Data
☆ ☆ ☆
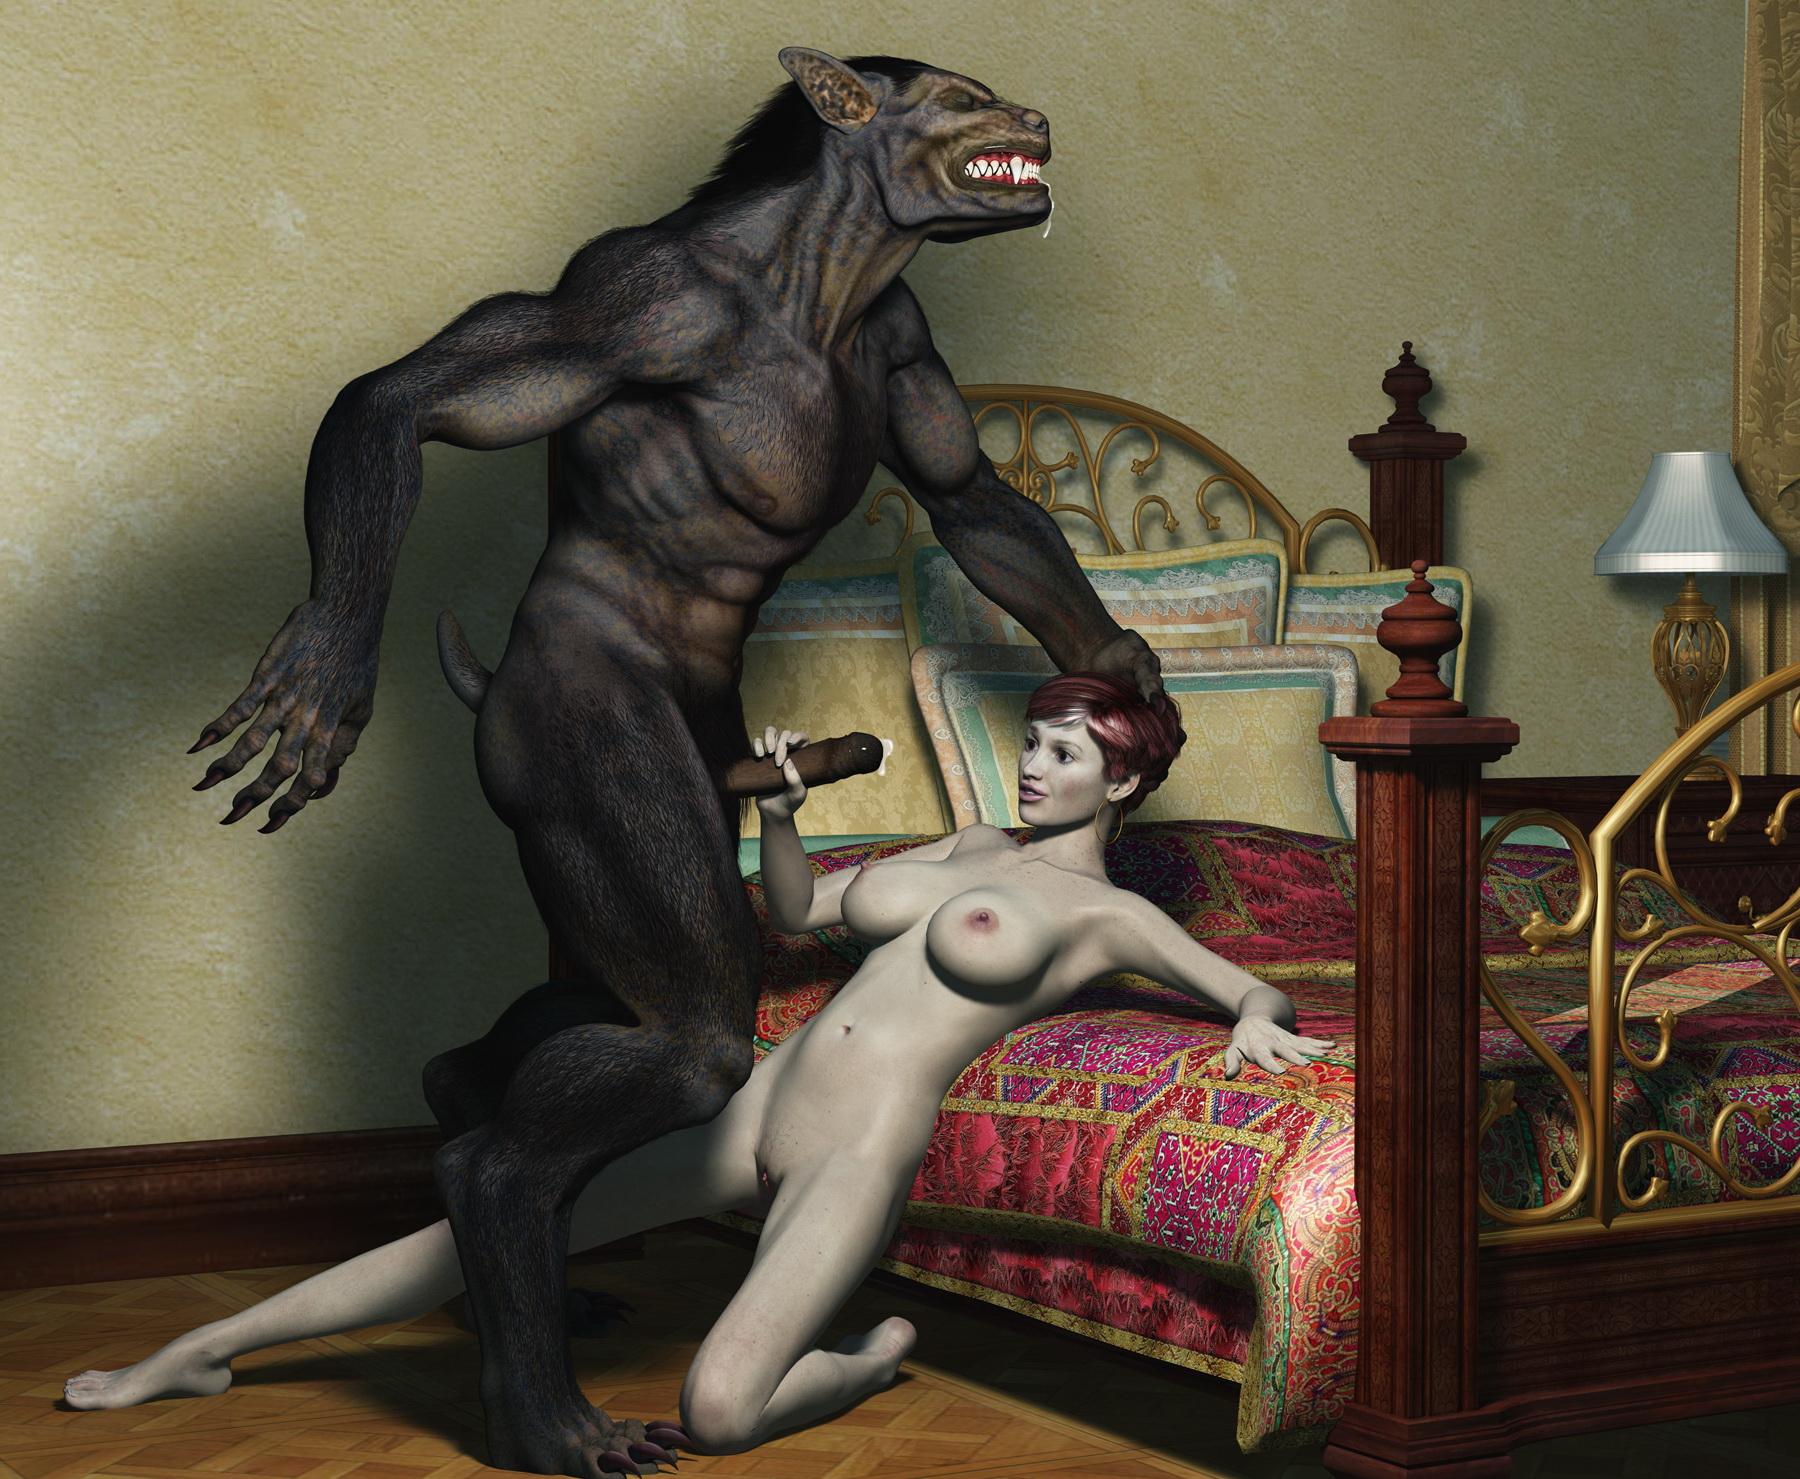 Эротика с монстрами и ужасы, Монстры Порно, смотреть Мультики с Монстрами 10 фотография
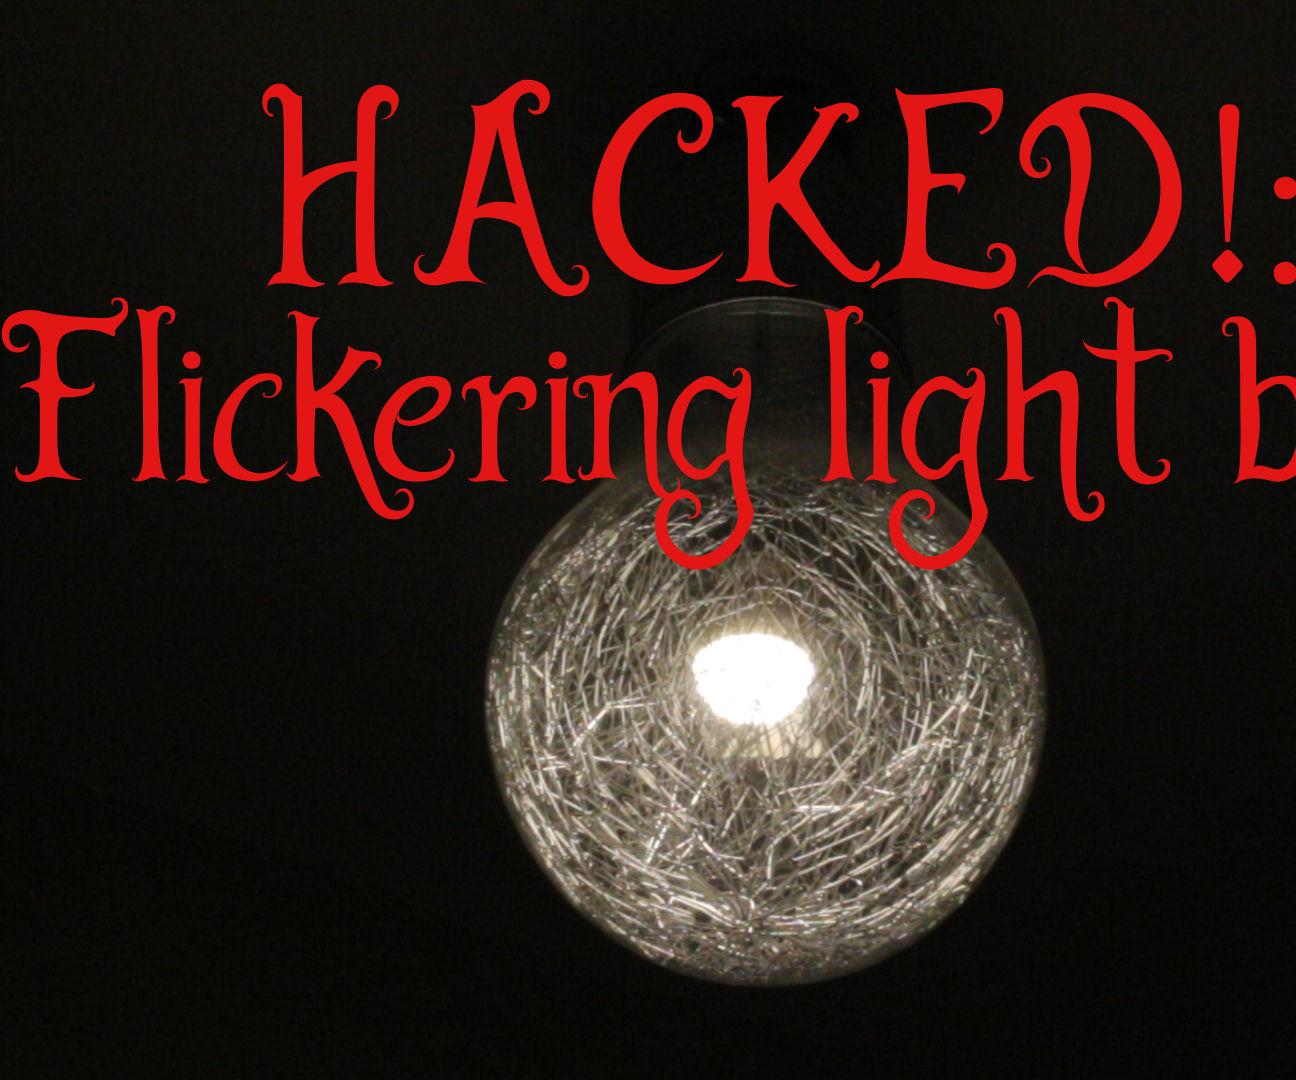 HACKED!: Flickering Light Bulb for Halloween
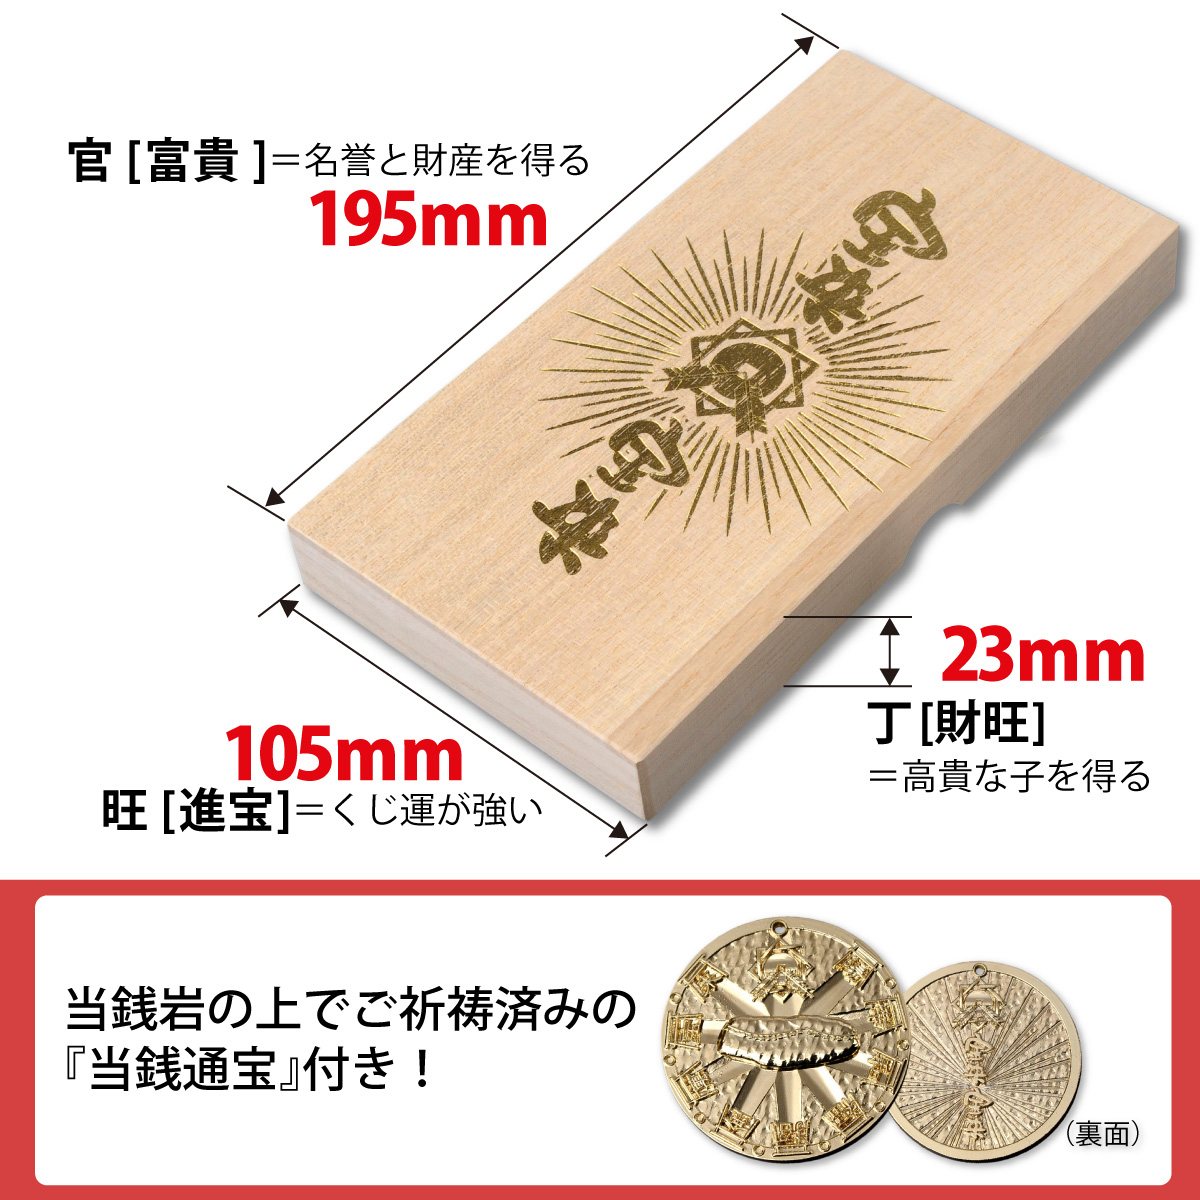 【宝くじ祈願】 宝来宝来当銭箱 ≫宝くじ入れ!
☆ ☆ ☆
What the exercise asks
Give the data again word for word, without pictures.

Solution below
 Эротика с монстрами и ужасы, Монстры Порно, смотреть Мультики с Монстрами 10 фотография
 HACKED!: Flickering Light Bulb for Halloween
 【宝くじ祈願】 宝来宝来当銭箱 ≫宝くじ入れ!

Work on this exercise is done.